Should I stay, or should I go?
That’s the essential question the main characters are asking themselves as season five of The Walking Dead begins to wind down. Episode 13, “Forget,” finds the members of Rick’s group trying to acclimate to their new, uber-normal surroundings in a self-sustaining suburb of Alexandria, Virginia.
Most on edge is Sasha, who opens the episode with some target practice on a set of framed family portraits. At first, it’s not clear if this is simply a form of catharsis or a way to bait nearby walkers. It becomes obvious it’s the later when she slumps down on a tree trunk and whispers to herself: “Come and get me.” (They don’t.)
Carol, Rick and Daryl, meanwhile, are scheming to get their embargoed guns back. None of them seems to trust the camp’s facade as a safe haven, and they all want to be ready for things to go downhill as they have before. (Daryl, by the way, is the only one that seems to be sticking with an apocalyptic chic look when pressed shirts and sweater vests are widely available.) When a walker interrupts their colloquy, they’re surprised to find that some unidentified sadist has carved the letter ‘W’ on its forehead.
Back at the split-level ranch, city planner Deanna gives the group an impassioned speech about getting rid of the ‘us’ and ‘them’ lines dividing Rick’s crew from the rest of the community. Her goal, she continues, is to reintroduce self-government, law and order, commerce—a.k.a. civilization—to the face of the Earth. Rick, concerned this is a naive world philosophy in the age of brain-eating hordes, convinces her to station guards along the walls and post a lookout in a nearby bell tower. Sasha volunteers for duty, but Deanna isn’t convince she quite stable enough yet.
Daryl and Aaron find themselves on a scouting errand together. They spot a wild horse some of the community’s kids have nicknamed “Buttons.” They try to catch him, but Buttons ends up being chewed up by zombies. Later, Aaron invites Daryl over for dinner and gives him a motorcycle to fix up. He wants him to join him as a recruiter for the community, a job Daryl more or less accepts.
Deanna throws the group a welcome mixer, which turns out shockingly normal and suburban. There are plastic cups, beer, chips’n’dip, and the hostess wears a pearl-lined Chanel dinner jacket. It’s surreal in other words.
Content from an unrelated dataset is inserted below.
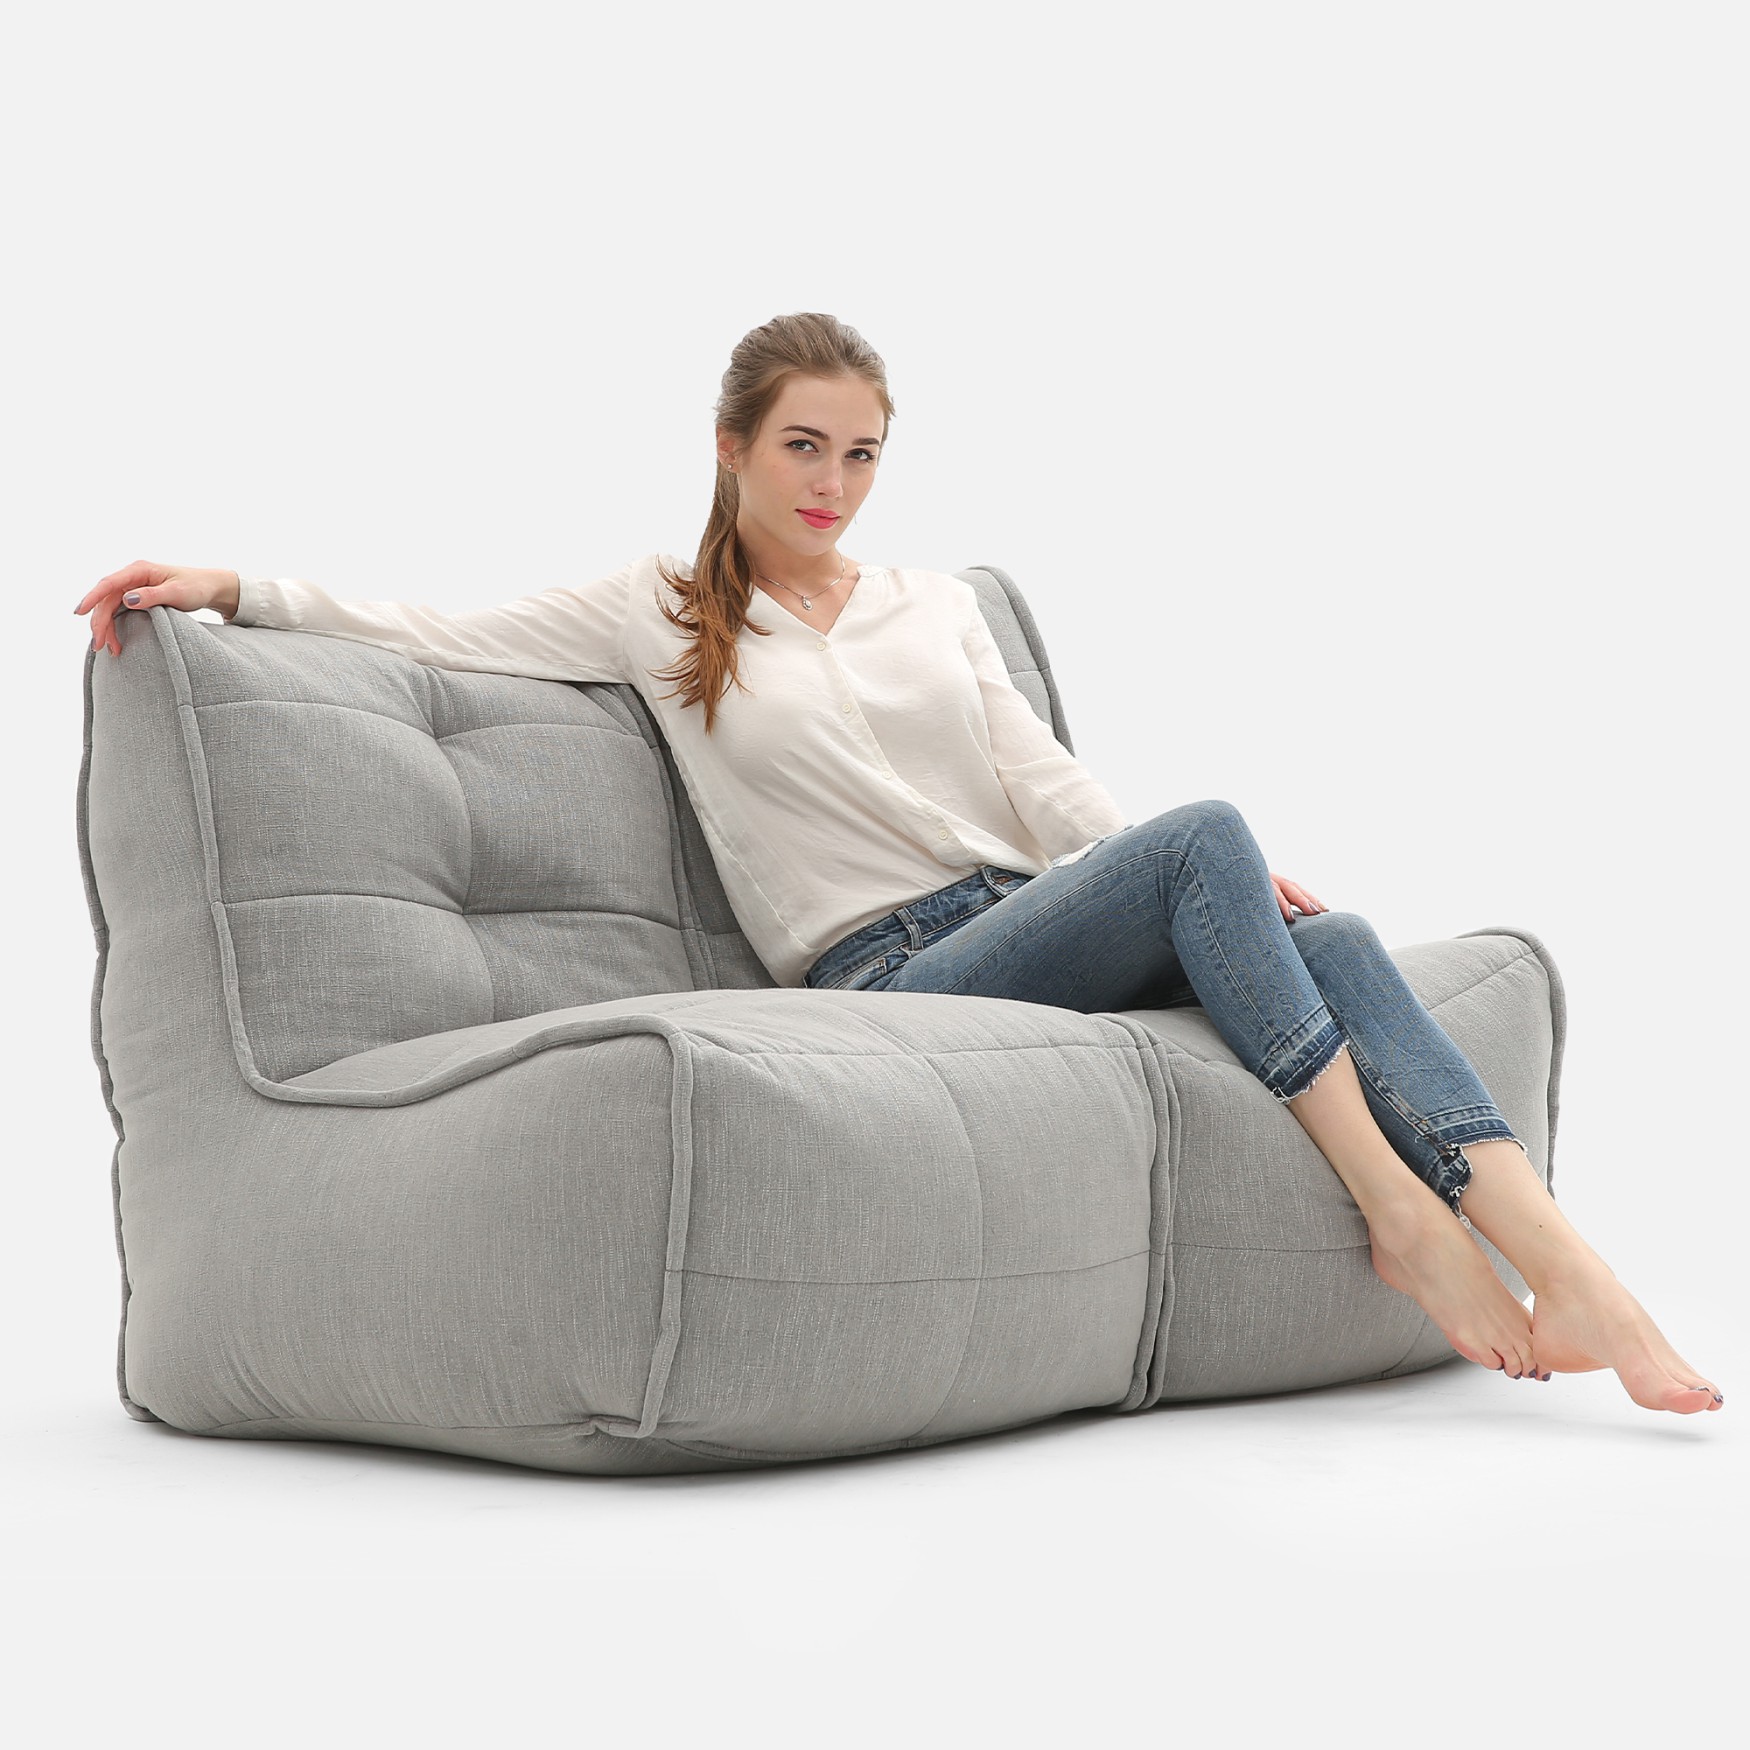 ambient lounge twin couch keystone grey

But most of the group seems to be warming up to the reality of the community, a.k.a. that it’s real and not some nefarious pretext.
Carol, who says she likes “being invisible again” as an older woman in flower-patterned jumpers, sneaks off to recover some of the group’s guns, just in case. She pulls a delightfully Cruella Devillian maneuver when a neighborhood kid who followed her in hopes of getting more cookies discovers her robbing the armory. Our poor August Gloop slinks off in terror at the thought of being tied to a tree and left in the woods if tells anybody what he’s seen.
When Carol, Rick and Daryl meet again to distribute the contraband arms, Daryl takes a pass. Rick takes an illegal gun, however. (In the mean time, we see Michonne hang up her samurai sword, symbolically and literally.) In the final shot, Rick is seen from above the wall while a zombie bumps aimlessly against the other side. The walls of the city provide a line between the inside and the outside, but how permanent is it really?
Zombie Kill Count
1 silenced shot to the head by Carol; 2 shots and 3 machete blows to the skull by Daryl; 1 arrow to the face by Daryl; 1 boot to the head by Daryl; 1 rifle shot to the skull by Aaron; 1 knife to the face by Daryl.